At the moment the way in which Flash works is largely unknown, some studies have linked it to local oxygen depletion during the radiation Flash. The Varian proton beam therapy (PBT) equipment installed in the Christie clinical PBT centre has the potential to deliver Flash. In addition, we have a dedicated research room in the Christie PBT centre. This gives us access to clinical proton Flash delivery. We also have a purpose built high-throughput hypoxia end-station which allows us explore the oxygen depletion hypotheses (and other mechanisms). This is the first time that anyone in the world has been able to do such experiments also offers the opportunity to undertake leading edge Flash research in a multidisciplinary team, using both wet lab and computational techniques.

Entry Requirements:
Candidates must hold, or be about to obtain, a minimum upper second class (or equivalent) undergraduate degree in a relevant subject. A related master’s degree would be an advantage.

UK applicants interested in this project should make direct contact with the Primary Supervisor to arrange to discuss the project further as soon as possible. International applicants (including EU nationals) must ensure they meet the academic eligibility criteria (including English Language) as outlined before contacting potential supervisors to express an interest in their project. Eligibility can be checked via the University Country Specific information page (https://www.manchester.ac.uk/study/international/country-specific-information/).

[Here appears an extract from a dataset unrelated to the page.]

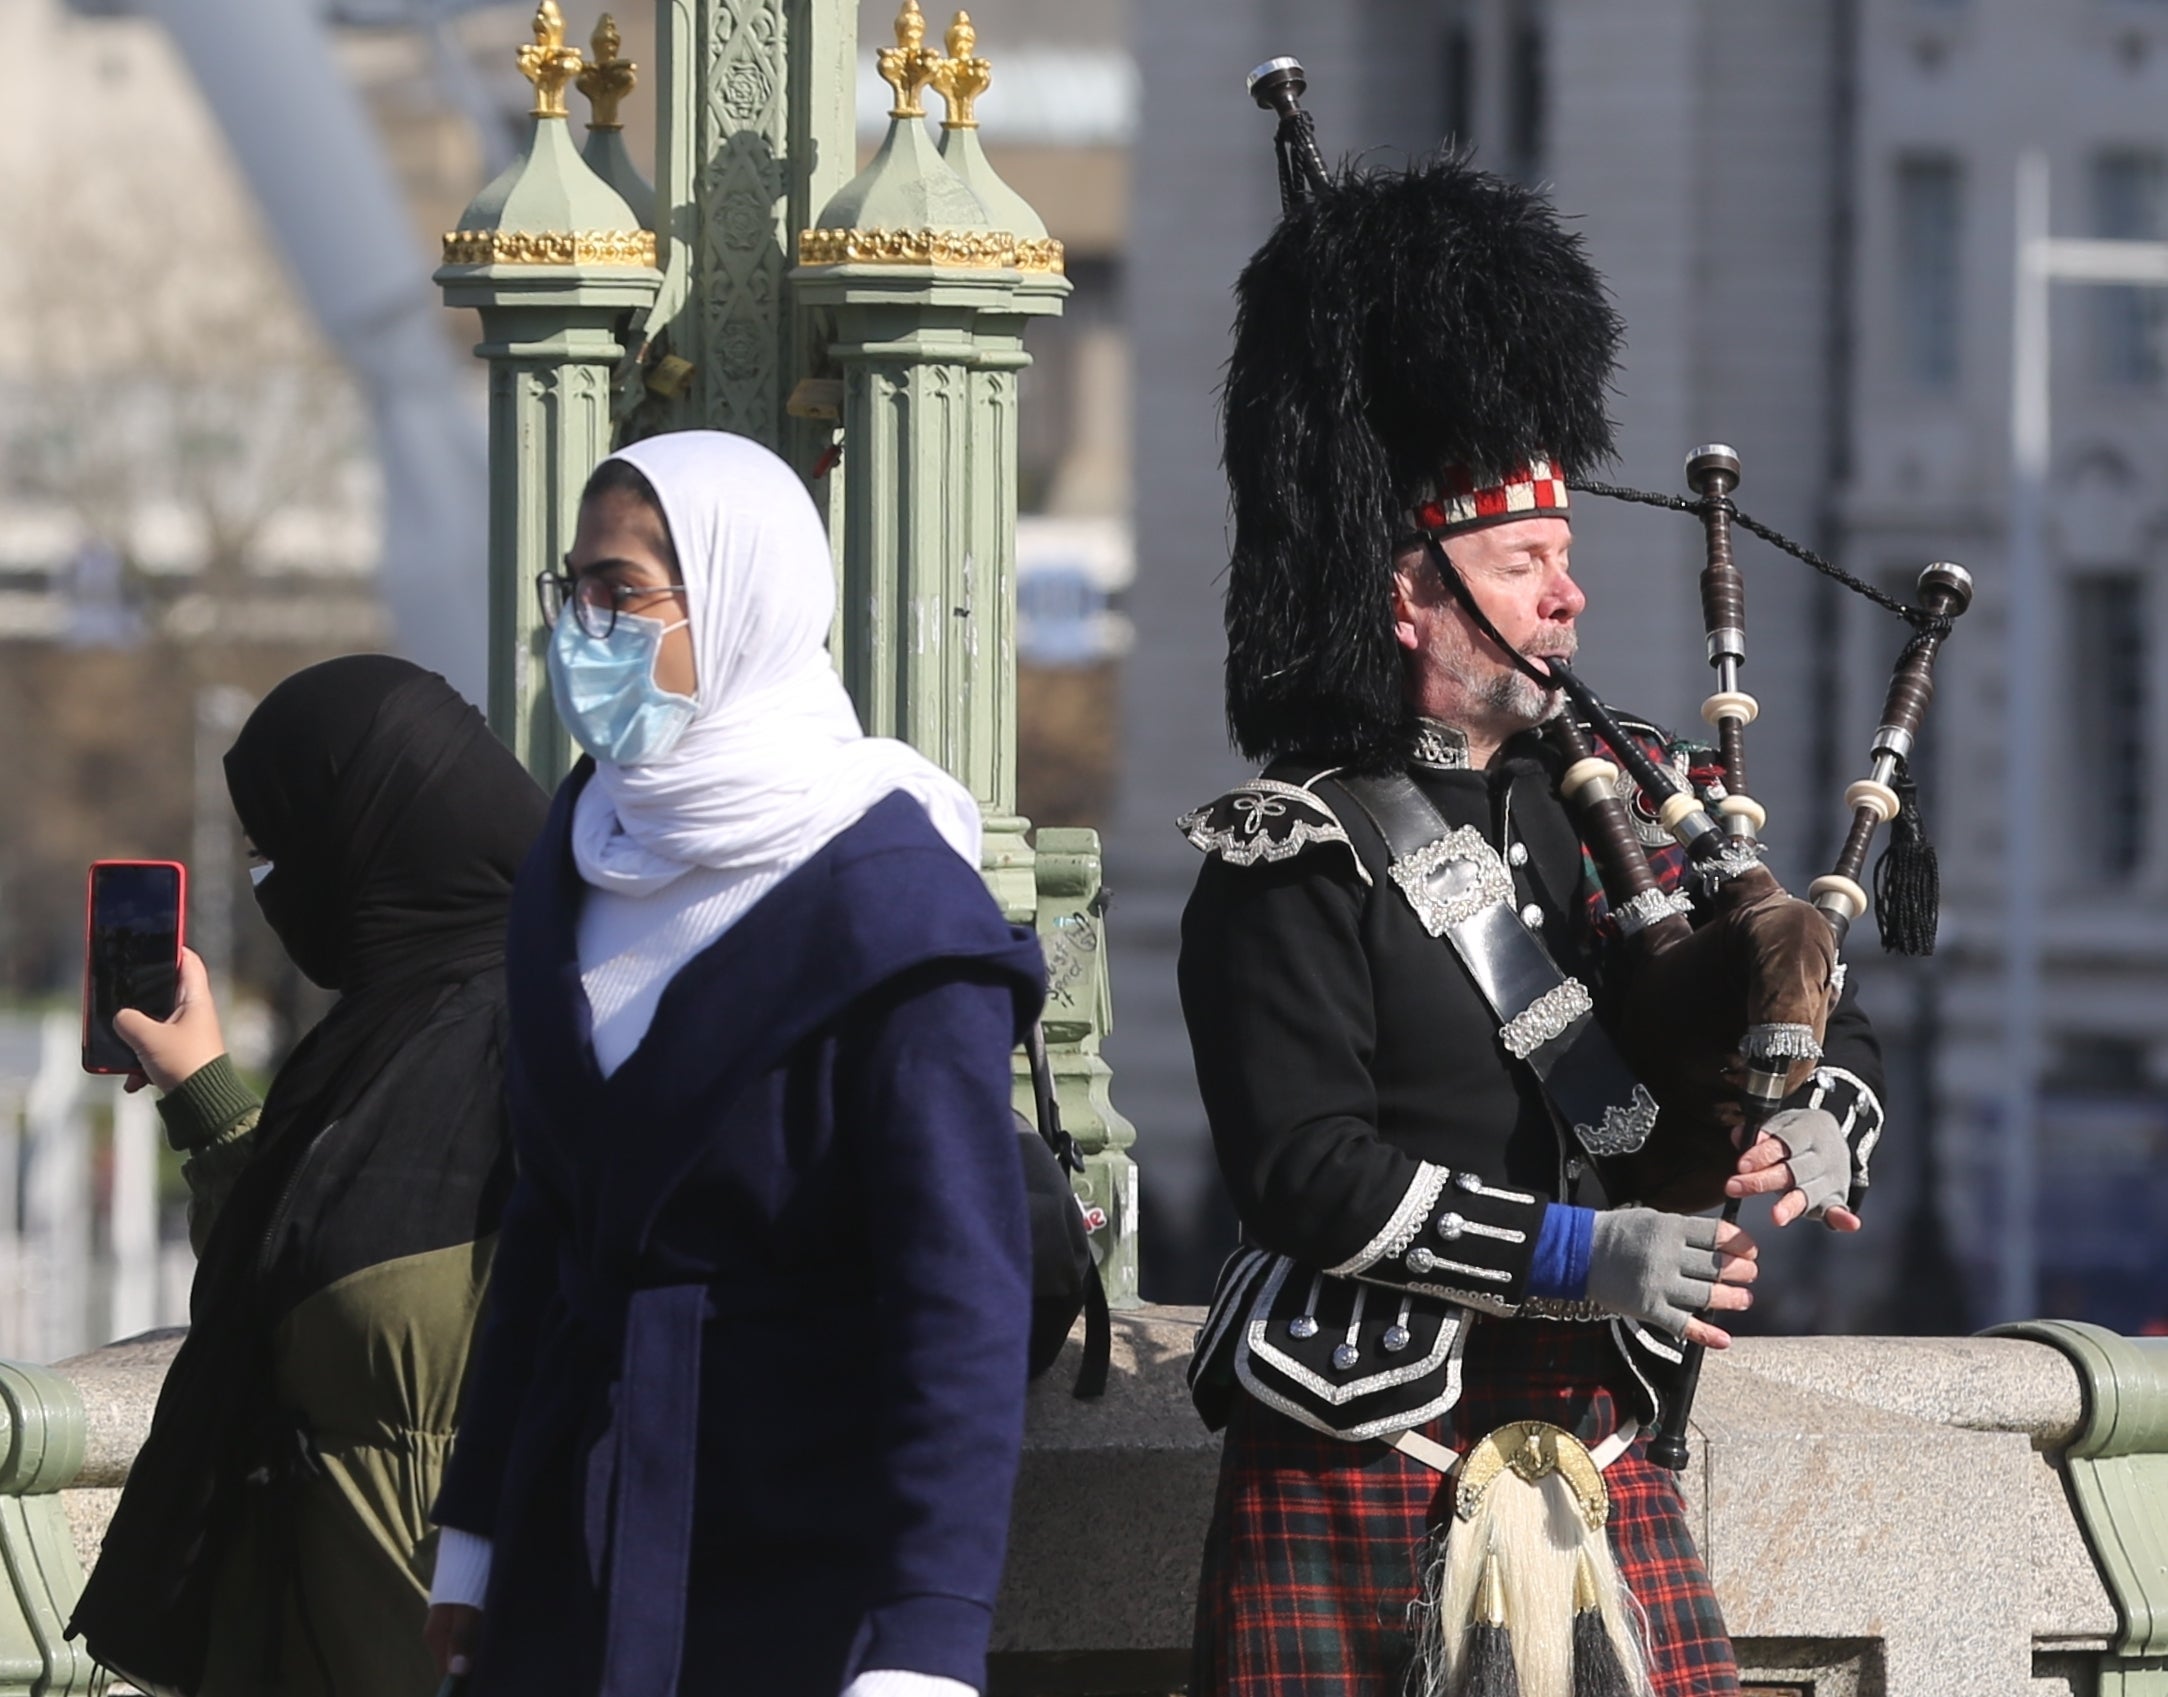 Masks are being worn all around the world as seen here on Westminster Bridge in London (Getty)

If your country is not listed you must contact the Doctoral Academy Admissions Team providing a detailed CV (to include academic qualifications – stating degree classification(s) and dates awarded) and relevant transcripts.

Following the review of your qualifications and with support from potential supervisor(s), you will be informed whether you can submit a formal online application.

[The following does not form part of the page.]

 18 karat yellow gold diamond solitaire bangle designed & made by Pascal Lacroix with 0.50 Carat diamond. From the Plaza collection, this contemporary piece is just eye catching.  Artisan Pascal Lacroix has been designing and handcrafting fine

To be considered for this project you MUST submit a formal online application form - full details on how to apply can be found on the CRUK Manchester Centre PhD Training Scheme (MCRC) website https://www.bmh.manchester.ac.uk/study/research/funded-programmes/mcrc-training-scheme/

General enquiries can be directed to [Email Address Removed].

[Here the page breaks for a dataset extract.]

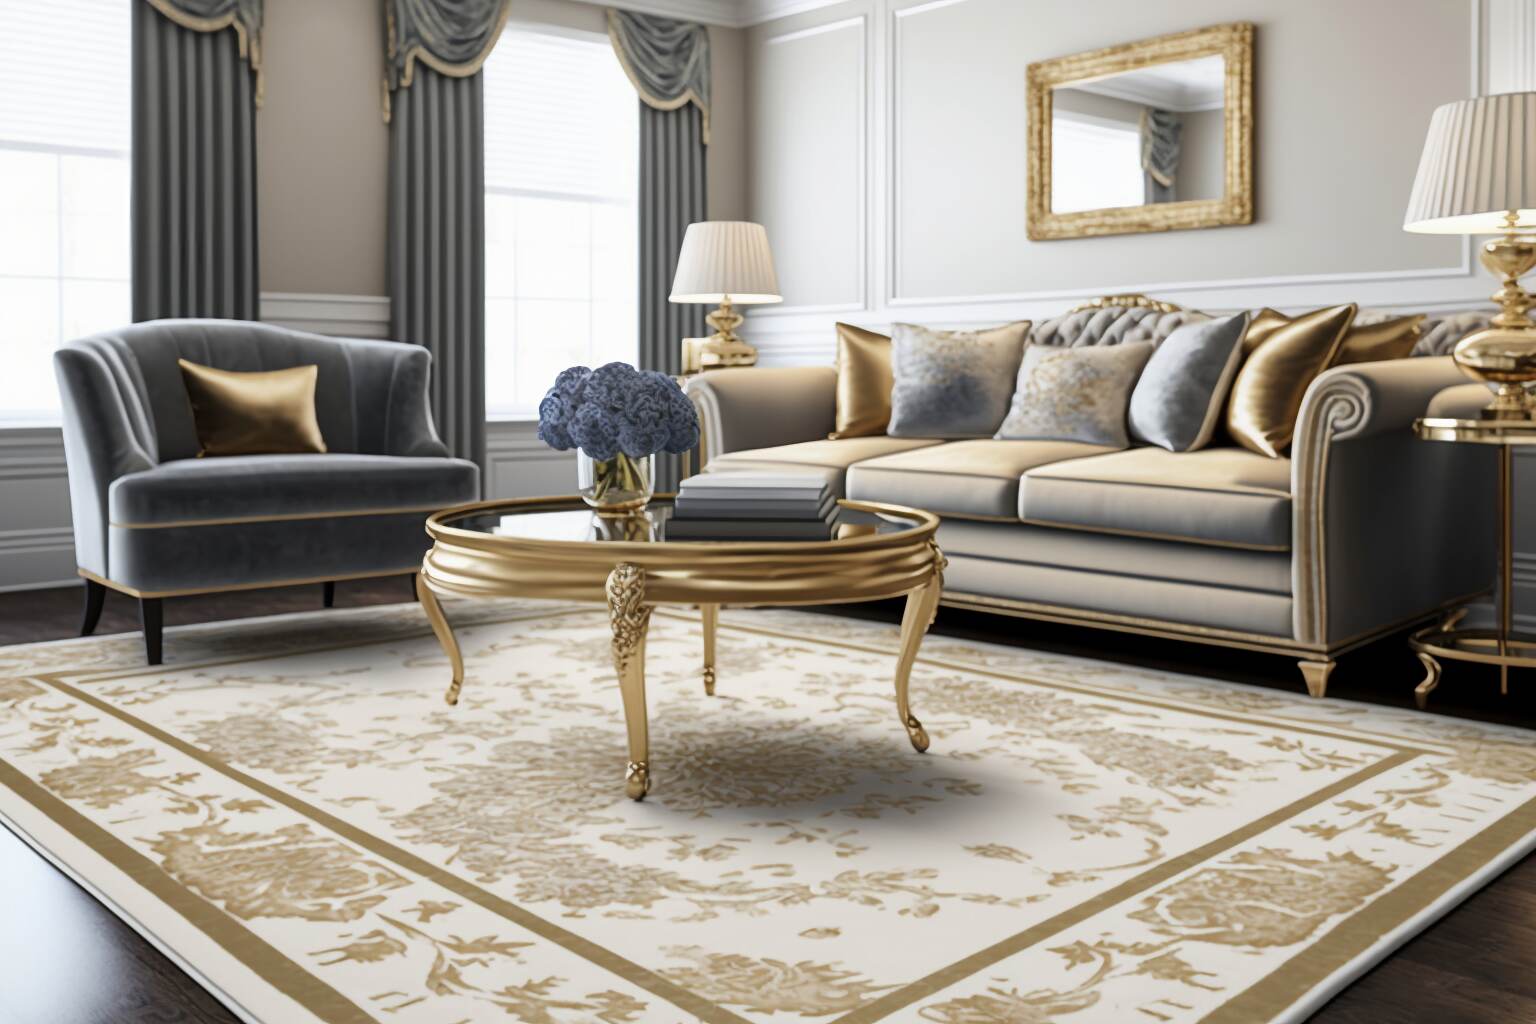 Sophisticated Traditional Living Room With Elegant Furniture

Equality, diversity and inclusion is fundamental to the success of The University of Manchester and is at the heart of all of our activities. The full Equality, diversity and inclusion statement can be found on the website https://www.bmh.manchester.ac.uk/study/research/apply/equality-diversity-inclusion/

The CRUK RadNet Manchester Unit was one of only three major units awarded. It builds on the 10-year history of an external collaborating “One Manchester” approach to cancer team science in radiotherapy-related research (RRR). This has been achieved by our multi-disciplinary expertise in biology, clinical oncology, physics, software development, engineering and imaging. Manchester is recognised nationally as a Clinical and Translational Radiotherapy Research Working Group (CTRad) Centre of Excellence in Radiotherapy Research and the only centre in the UK with strength across all disciplines (biology, clinical, physics, technology).

The CRUK RadNet Manchester Unit Vision statement is: “As an integrated world-leading translational radiation oncology programme, we address the challenges of diverse patient characteristics to achieve individualised physical and biological targeting based on real-time outcomes and a deep mechanistic understanding of immune response, comorbidity and genomics.” This Vision aligns with CRUK’s research strategy through Collaborative Hubs and new science.

Interview date – 8 January 2021

Funding Notes

This project is funded via CRUK RadNet Manchester. Funding will cover UK tuition fees/stipend only (currently at £19,000 per annum) and running expenses. The University of Manchester aims to support the most outstanding applicants from outside the UK. We are able to offer a limited number of bursaries that will enable a limited number of full studentships to be awarded to international applicants. These full studentships will only be awarded to exceptional quality candidates, due to the competitive nature of this scheme.

The duration of this project is four years to commence in October 2021.